39、モモ、保護者様と再会する~嬉しい涙もしょっぱいもの~前編

 お姉さんに引きずられるように連れてこられたのは祭壇の部屋だった。傷だらけの身体は痛すぎて、一歩あるくごとにズキズキする。


 扉の前で一度止まると、お姉さんがコンコンとノックした。


「この忙しい時に、誰だっ?」


「軍神様のお世話を任されたシュリンです」


 初めて名前を知った。可愛い名前なのに中身は可愛くないよ! 人の物を盗んで売りさばくわ、子供に手を上げるわ。散々な目に合った。あんまり人の好き嫌いが激しくない桃子だって、このお姉さんは嫌いだ。天罰が下るといい!


 この世界に居る神様達に祈る。もうそれしか出来ないから、後は運を天に任せる。せめて気持ちだけは、最後の最後まで諦めないでいよう。


「入れ!」


 おじさんの許可が出た。いよいよ審判が下されるらしい。諦めないけど、ちょっと怖い。これ以上痛い思いをするのは嫌だなぁ。

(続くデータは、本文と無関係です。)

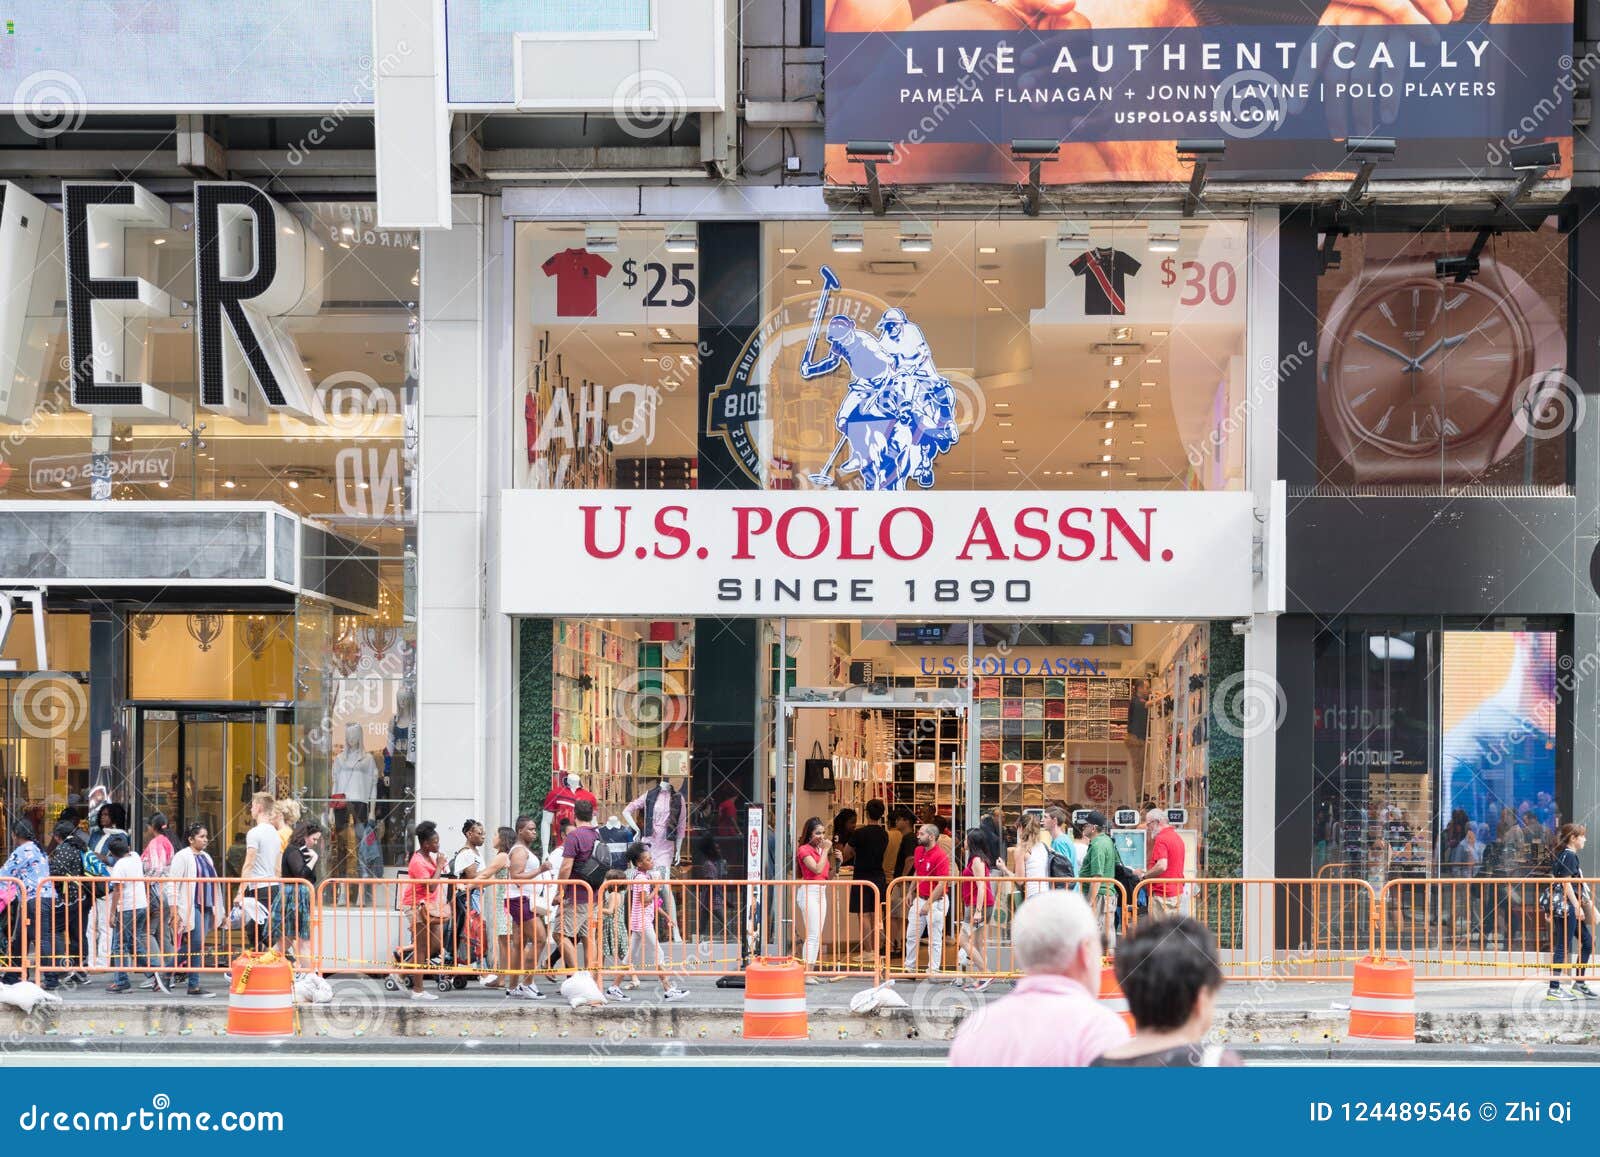 new-york-united-states-august-us-polo-assn-store-clothes-city-brand-u-s-belongs-uspa-properties-subsidiary-nonprofit-124489546.jpg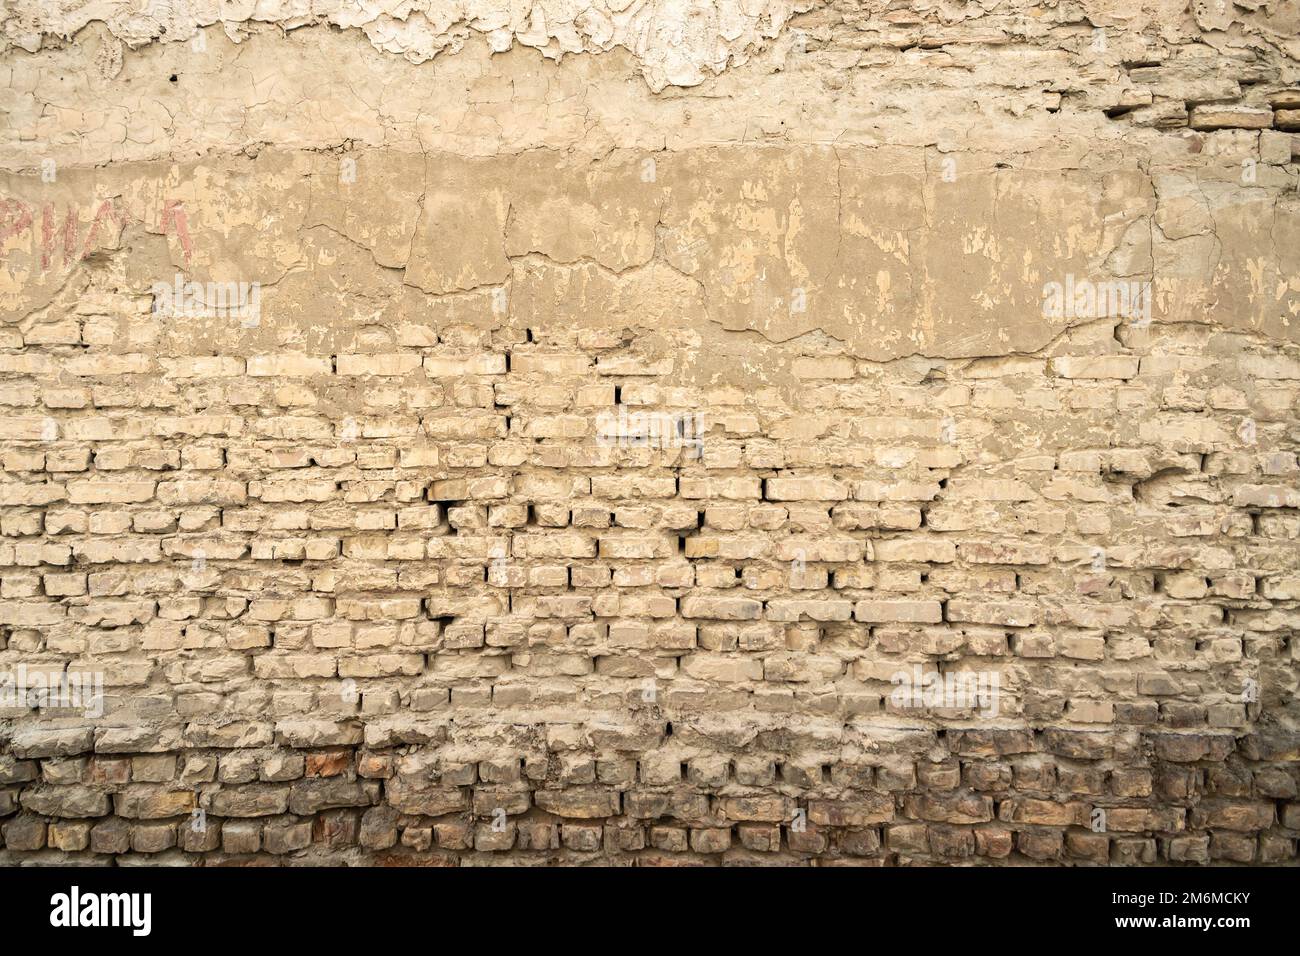 Old brick wall. Nice vintage textured background. Stock Photo

「なんだね、その恰好は? 軍神様はいかがされたのだ?」


「逃げ出したんです。私が捕まえましたけど、抵抗されたのでこのような状態に。見てください、わたしの服もボロボロにされてしまったんですよ?」


「なに、逃げ出しただと? こんな幼い子供がか?」


「えぇ、そうです。もう少しで門までたどり着かれる所でしたわ」


「ふっ、はっはっはっ! いやはや、こんな幼子に逃げられかけるとは。随分と賢い子供のようだ。あの男がおかしなほど気にかけていたのは、これが理由か……だが、その賢さは私にとっては邪魔だな」


 あの男ってバル様のことだよね? つまり今回の件には、桃子を攫うことでバル様に対する意趣返しも含んでいたのだ。不穏な気配が漂う。けれど桃子はムカムカしていた。バル様を馬鹿にする奴の言うことなんて絶対に聞かない! 私だってやられっぱなしじゃないんだかんね! 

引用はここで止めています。